No. 106 Jermyn Street
No. 106 Jermyn Street was rebuilt in 1906–7
from the designs of Messrs. Treadwell and Martin
of Charing Cross Road. The builders were
Messrs. F. and H. F. Higgs of Herne Hill. The
new building was designed as a block of offices with
a shop on the ground floor. (ref. 88)
The narrow stone front is simply designed with
a wide, four-storeyed bay window projecting out
over the ground storey, and its interest lies in the
detailing, which is in an 'Art Nouveau' version of
the Jacobean style. The shop-front and the fascia
are framed by a moulded architrave which is
stopped close to the ground in medieval fashion
and continued across the foot of the bay window
above, at either side of which the line is broken to
form a round-arched frame for a foliated cartouche. The bay is flanked by two long panels
similarly arched for a cartouche, and there are
thin mullions and transoms to the windows, beneath which, in the third and fourth storeys, are
carved bands of foliage. The heavy moulded cornice is arched in the centre to correspond with the
round arch of the window below, and above it
rises a tall conical roof crowned with a ball-finial.
No. 112 Jermyn Street
Nos. 111a and 112 Jermyn Street and Nos. 7
and 8 Wells (now Babmaes) Street, then occupied
by Standen and Co., were rebuilt as a single block
(No. 112 Jermyn Street) in 1900–1 for Edward
Standen Morphew.
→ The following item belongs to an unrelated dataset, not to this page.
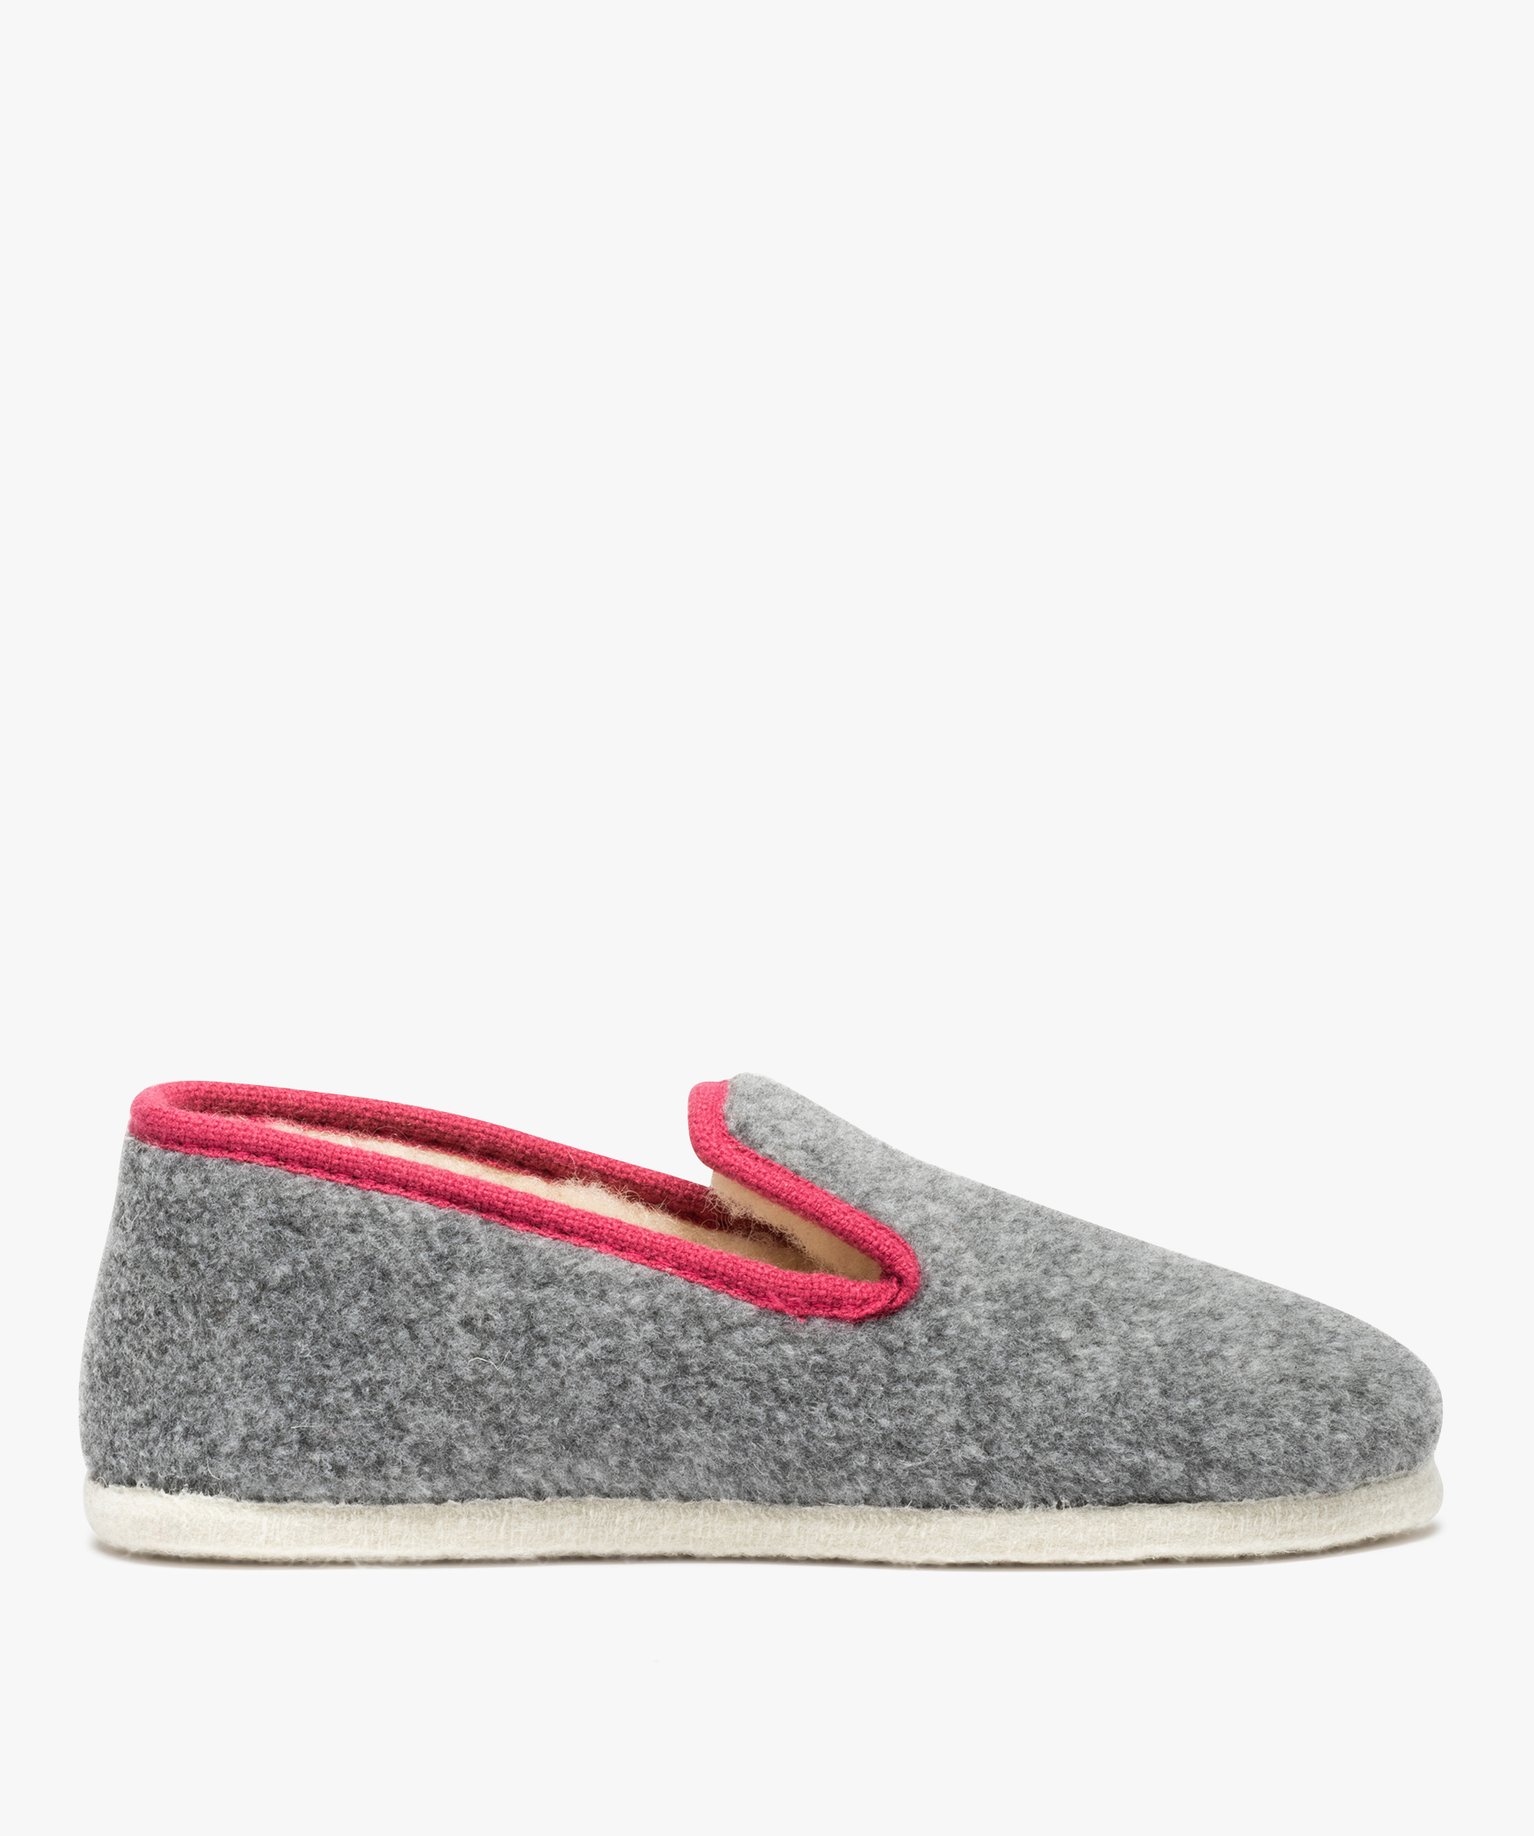 chaussons femme style charentaises bicolores gris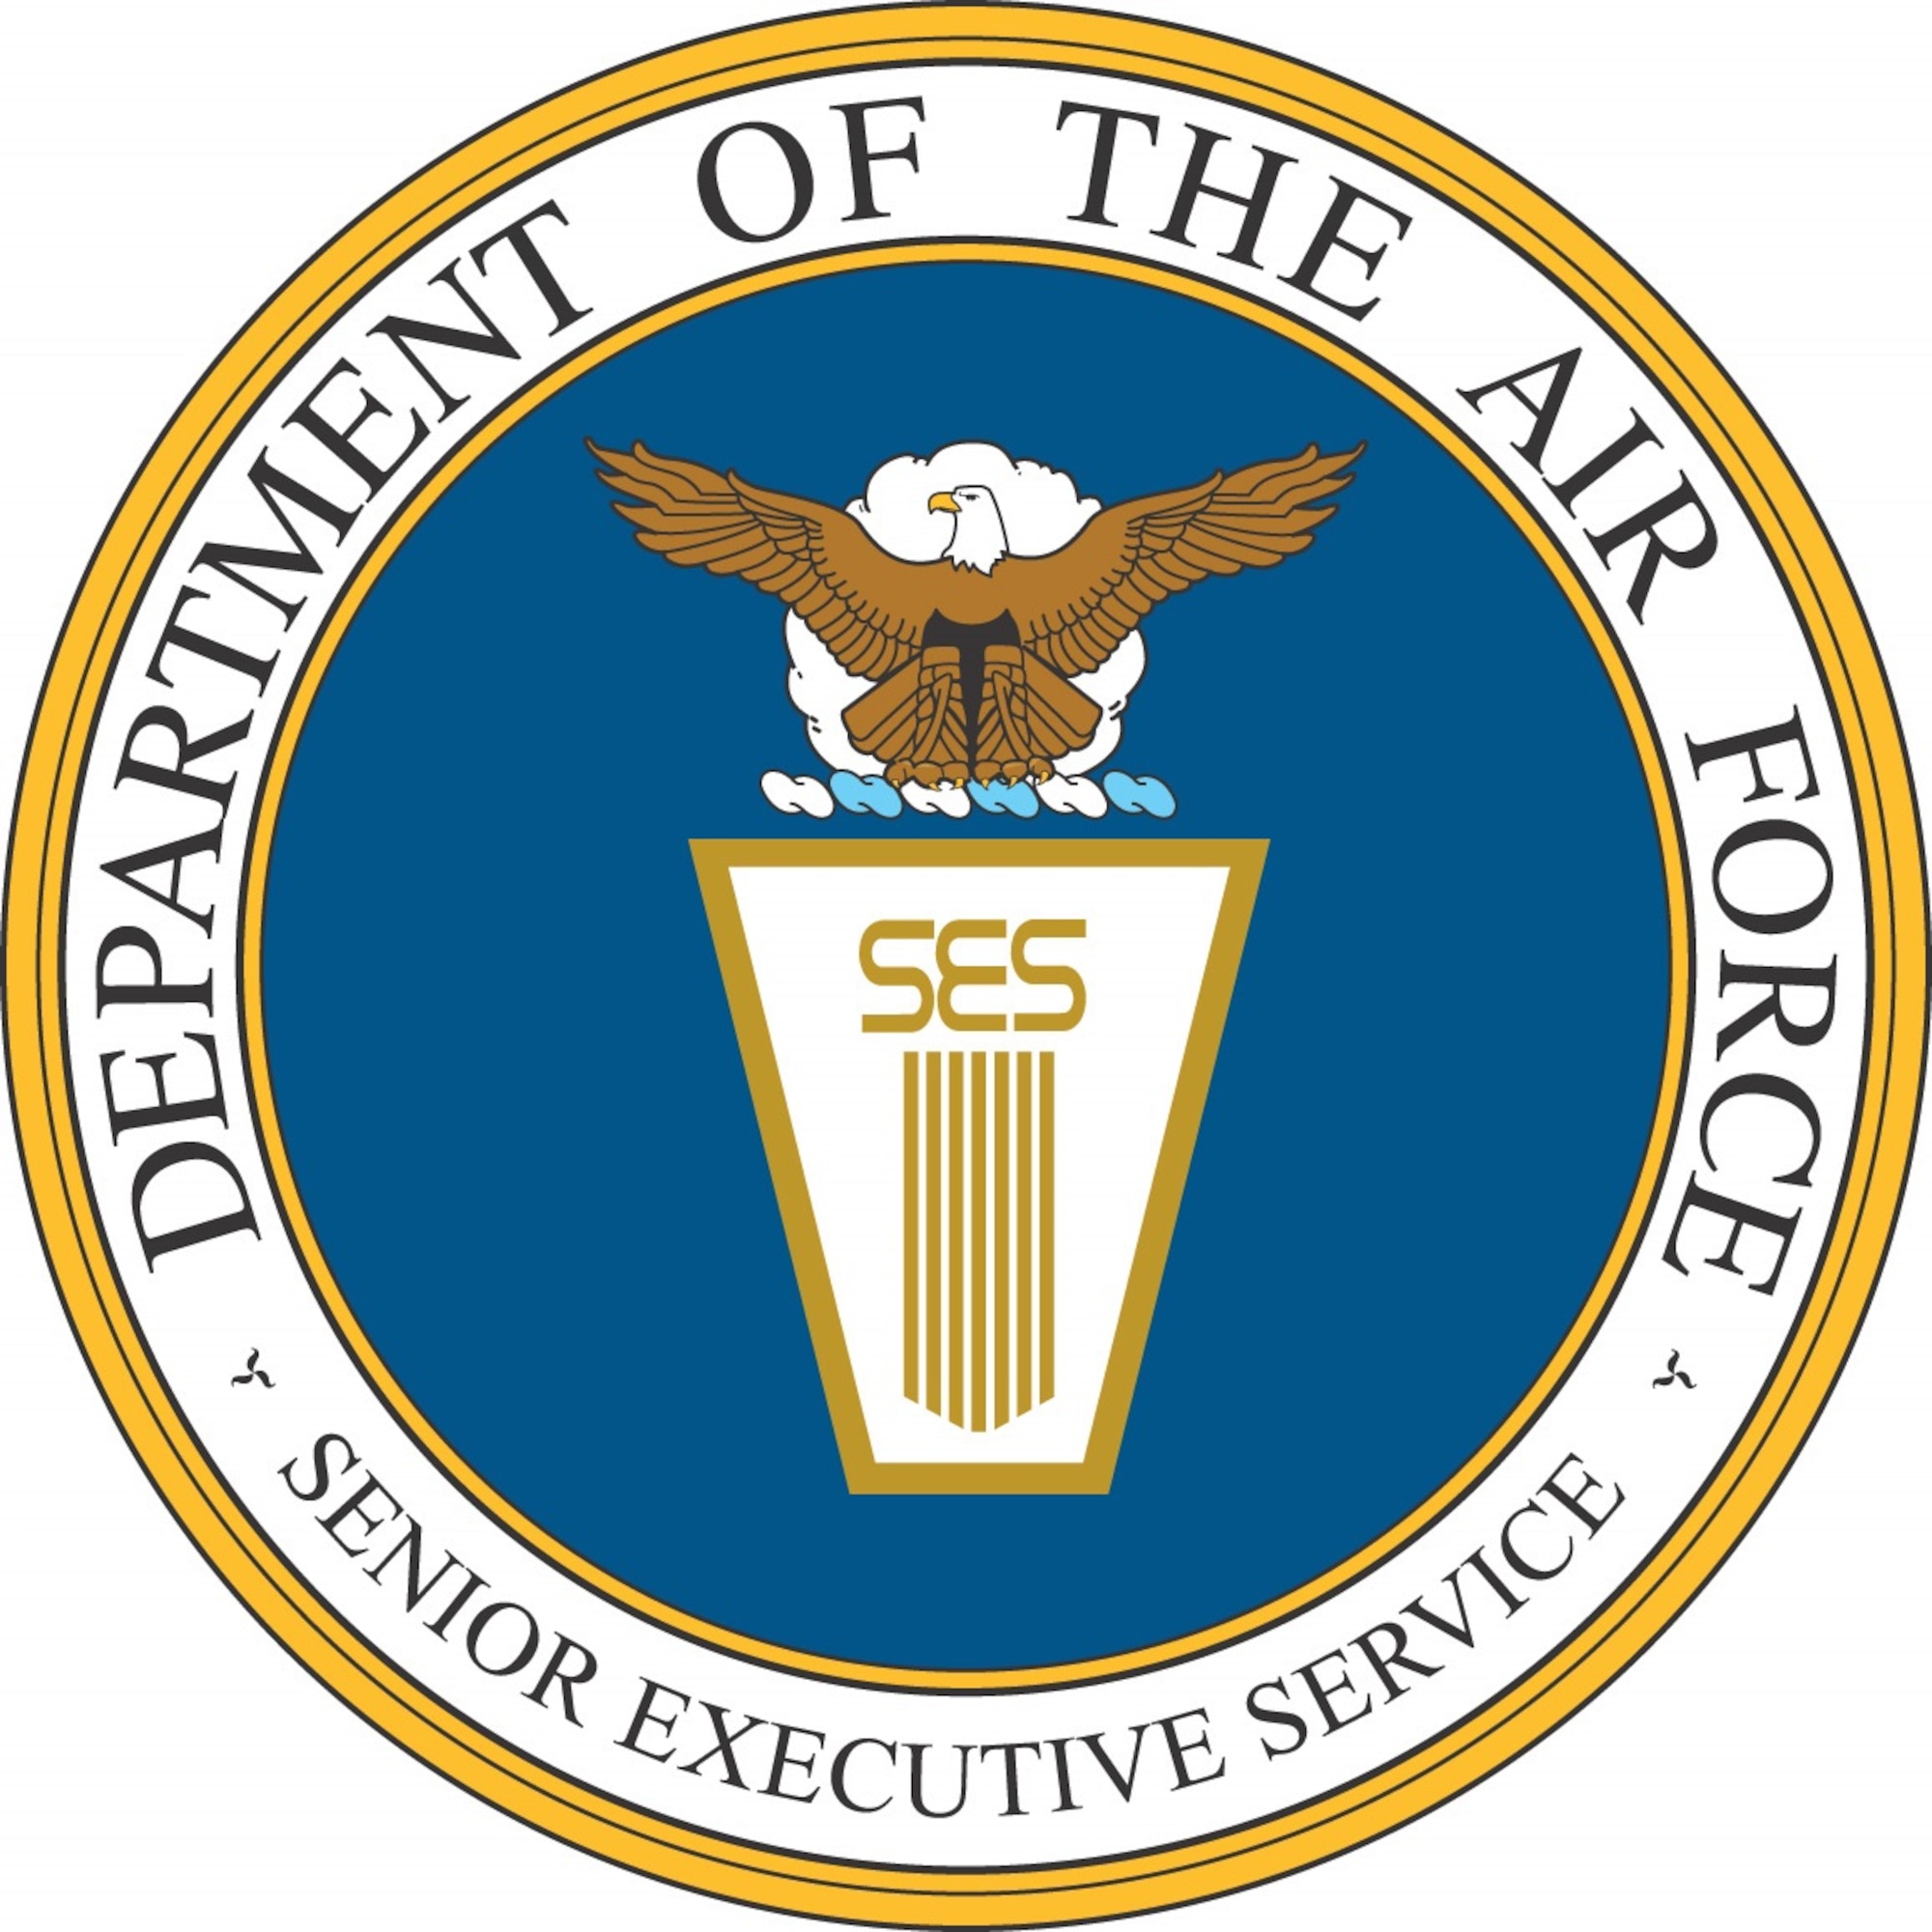 The SES is a position classification in the civil service of the United States federal government, equivalent to general officer or flag officer ranks in the U.S. Armed Forces. It was created in 1979 when the Civil Service Reform Act of 1978 went into effect under.  President Jimmy Carter. According to the Office of Personnel Management, the SES was designed to be a corps of executives selected for their leadership qualifications, serving in key positions just below the top Presidential appointees as a link between them and the rest of the Federal (civil service) workforce. (U.S. Air Force graphic)

The new building was designed as a shop (subdivided in 1954–5) and a
woollen warehouse for Standen and Co., with a
single main entrance in Jermyn Street. (ref. 89) E. S.
Morphew's brother, Reginald Morphew, was the
architect, (ref. 90) and the builder was John Greenwood
of Arthur Street. (ref. 89) The Crown surveyor, Arthur
Green, described Morphew's design as 'somewhat
different to what had been generally adopted on
the Crown estate' (Plate 274b). (ref. 91)
Notwithstanding some 'Art Nouveau' details,
this building is strongly reminiscent of an early
Florentine palace, such as the Davanzati, with its
great blocks of rugged masonry in the ground
storey and the pseudo-loggia below the shadowy
crowning cornice. Five-storeyed fronts face on to
Jermyn Street and Babmaes Street and linking
them is a five-sided angle turret, crowned by an
octagonal belvedere with an ogee cupola. The
Jermyn Street front contains two wide, segmental
arches in the rusticated ground storey, and a pair
of three-light mullioned windows in each of the
three storeys above, those of the fourth storey
having moulded segmental-arched heads. The
fifth storey is lit by a series of small windows with
round arches rising from Ionic columns resting on
consoles, having the effect of a loggia. The turret
has windows only in the second, fifth and sixth
storeys, and in the Babmaes Street front the threelight windows in the upper face are set well to the
south, giving the building an appearance of massive
simplicity when viewed from the north-west.